In the access point according to any one of the embodiments of the present disclosure, in a case where the first communicator has detected the priority signal and where the detector is monitoring the second channel, the controller may switch the first channel to a third channel which enables the first communicator and the communication terminal to wirelessly communicate with each other and in which the priority signal is not detected.

In the access point according to any one of the embodiments of the present disclosure, the controller may obtain date-time information. In a case where the date-time information satisfies a second condition different from the first condition, the controller may switch the third channel to the second channel.

In the access point according to any one of the embodiments of the present disclosure, upon activation of the first communicator, the controller may switch the first channel to a third channel which is communicable with the communication terminal and in which the priority signal is not detected.

In the access point according to any one of the embodiments of the present disclosure, in a case where a second communicator different from the first communicator has detected the priority signal, the controller may set the second channel based on a checking result obtained by checking the plurality of channels and based on detection of the priority signal.

The communication controlling method according to any one of the embodiments of the present disclosure may include checking the plurality of channels on every passage of a predetermined time interval to set the second channel.

The communication controlling method according to any one of the embodiments of the present disclosure may include updating the predetermined time interval based on a checking result obtained by checking the plurality of channels obtained in advance.

In the communication controlling method according to any one of the embodiments of the present disclosure, the first condition may include at least one of: a number of second communicators respectively connected to the plurality of channels excluding the first communicator; a strength of a signal transmitted from each of the second communicators to the first communicator on each of the plurality of channels; and an amount of noise detected on each of a plurality of the first channels.

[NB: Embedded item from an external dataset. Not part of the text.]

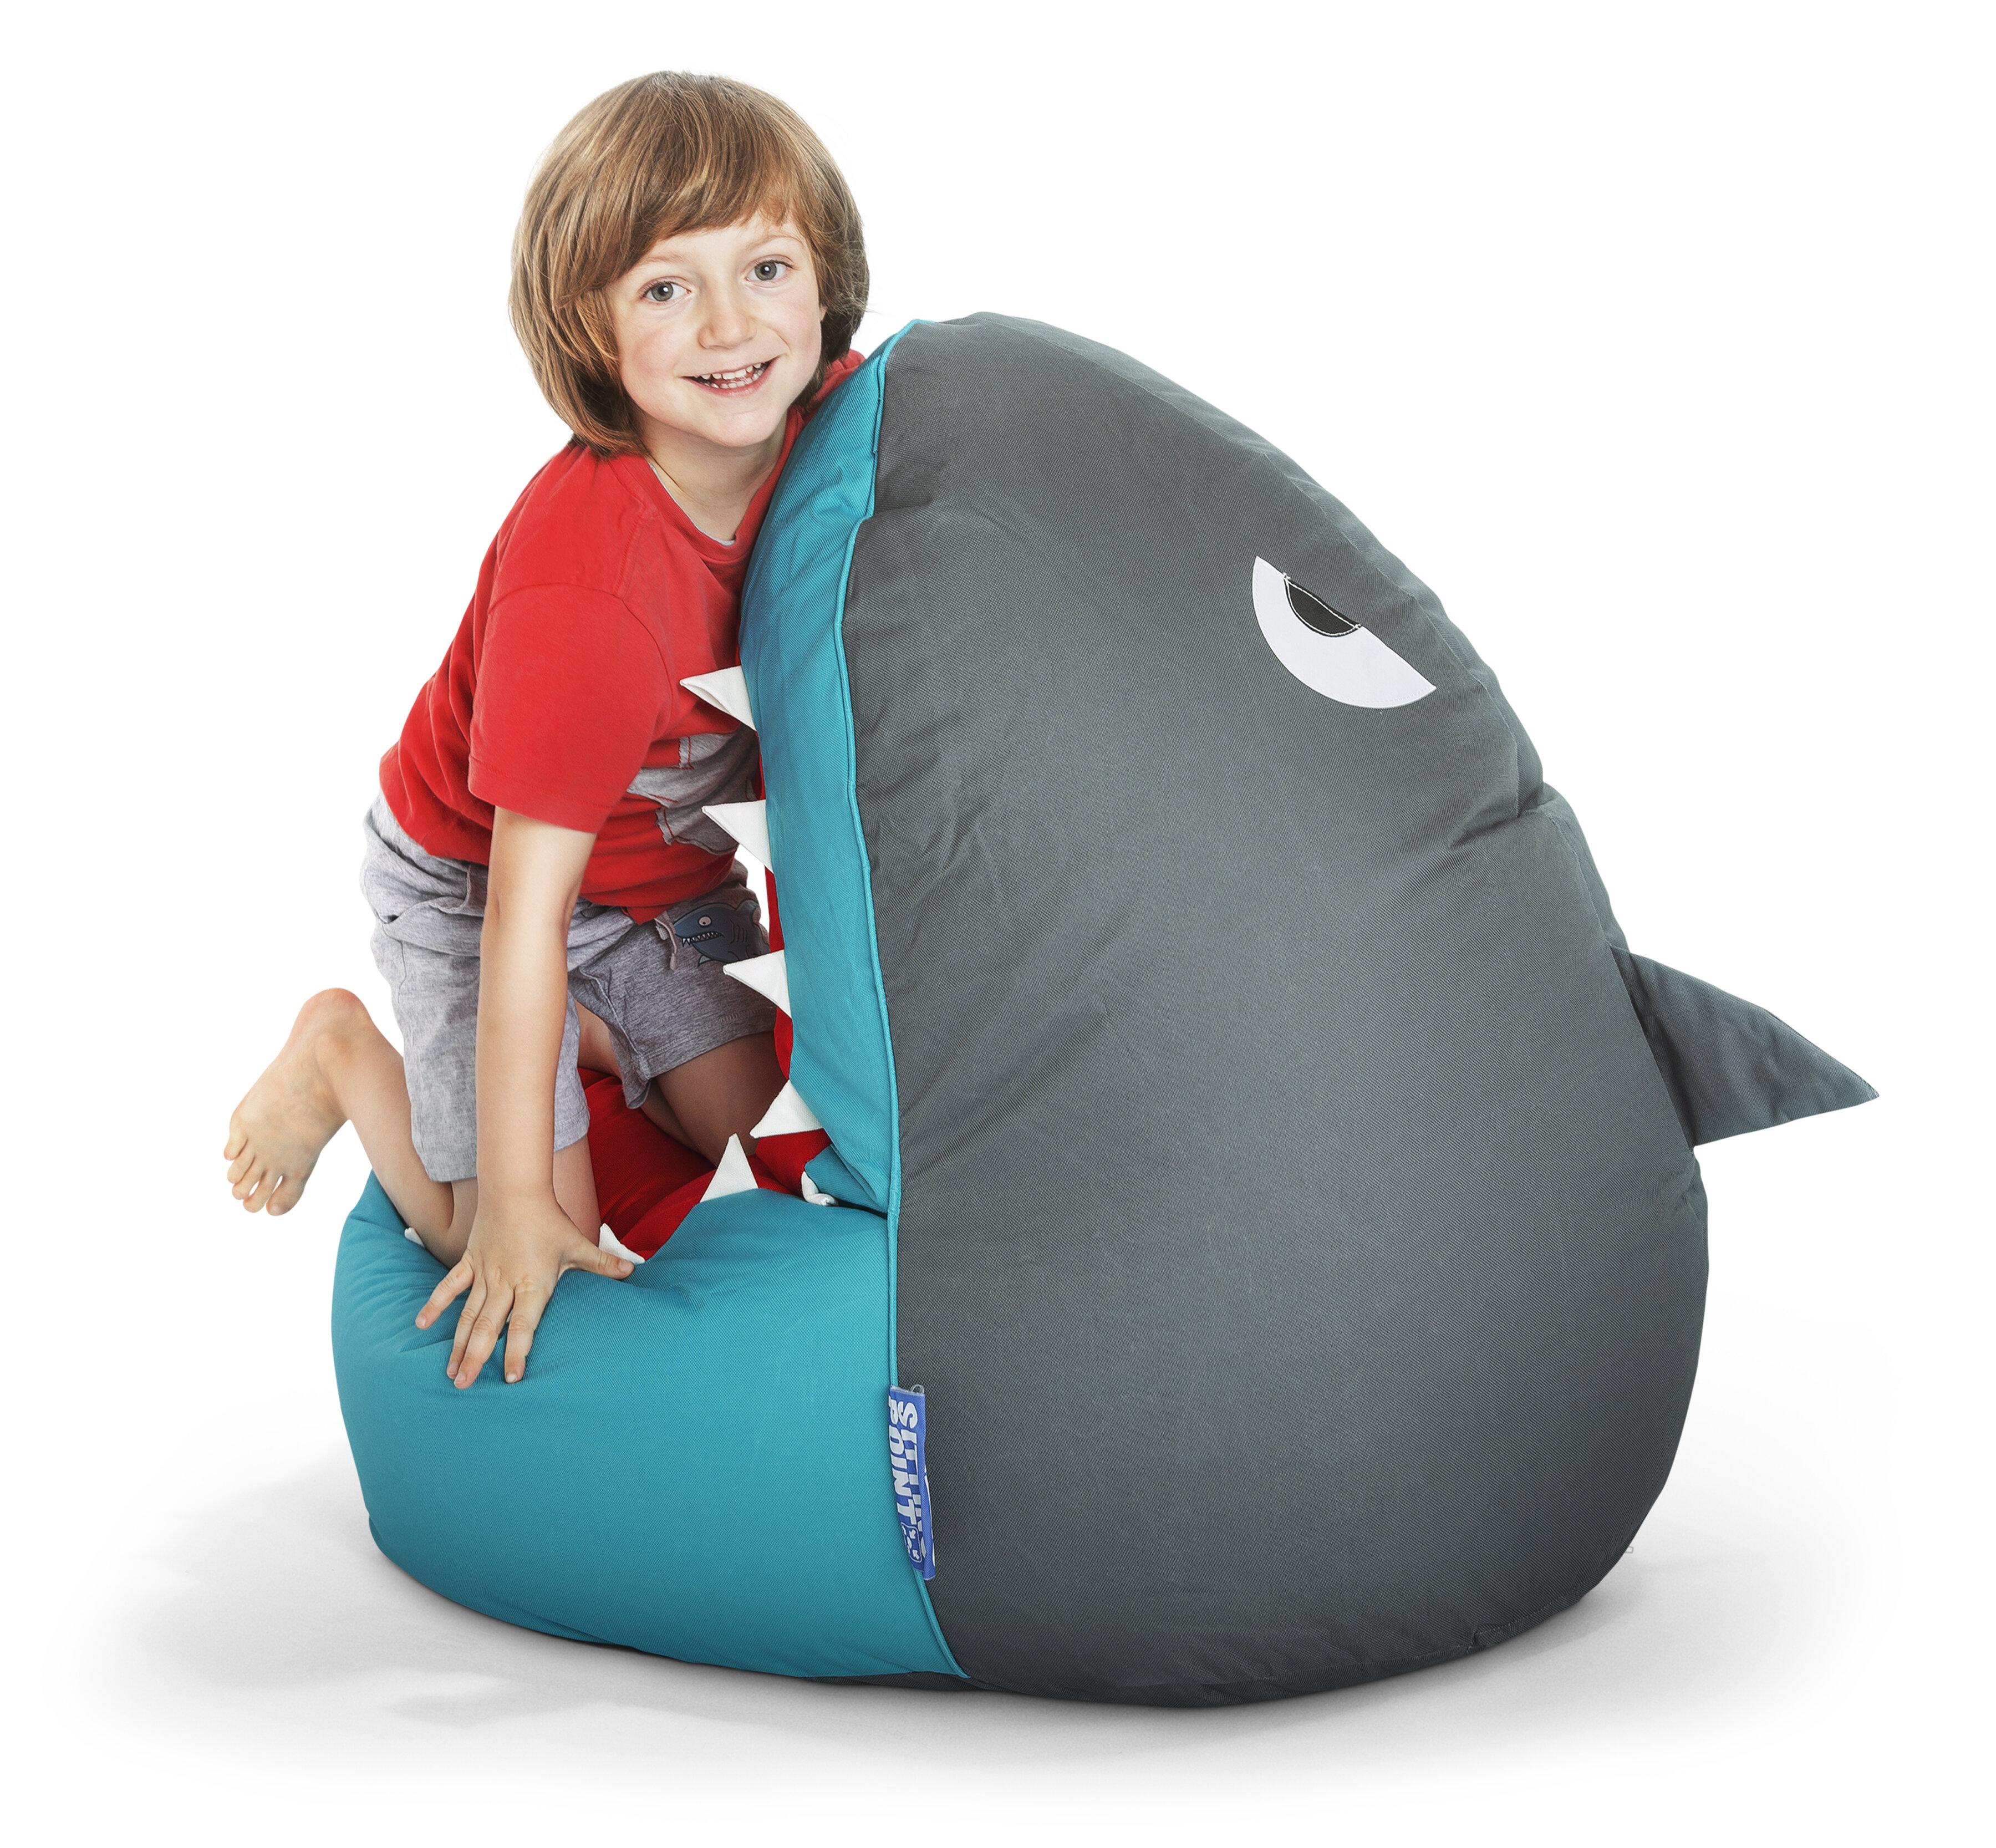 Products Stars Blue Bean Bag Chair for Dolls Ahh

The communication controlling method according to any one of the embodiments of the present disclosure may include, in a case where the first communicator has detected the priority signal and where the detector is monitoring the second channel, switching the first channel to a third channel which enables the first communicator and the communication terminal to wirelessly communicate with each other and in which the priority signal is not detected.

The communication controlling method according to any one of the embodiments of the present disclosure may include obtaining date-time information, and in a case where the date-time information satisfies a second condition different from the first condition, switching the third channel to the second channel.

The communication controlling method according to any one of the embodiments of the present disclosure may include, upon activation of the first communicator, switching the first channel to a third channel which is communicable with the communication terminal and in which the priority signal is not detected.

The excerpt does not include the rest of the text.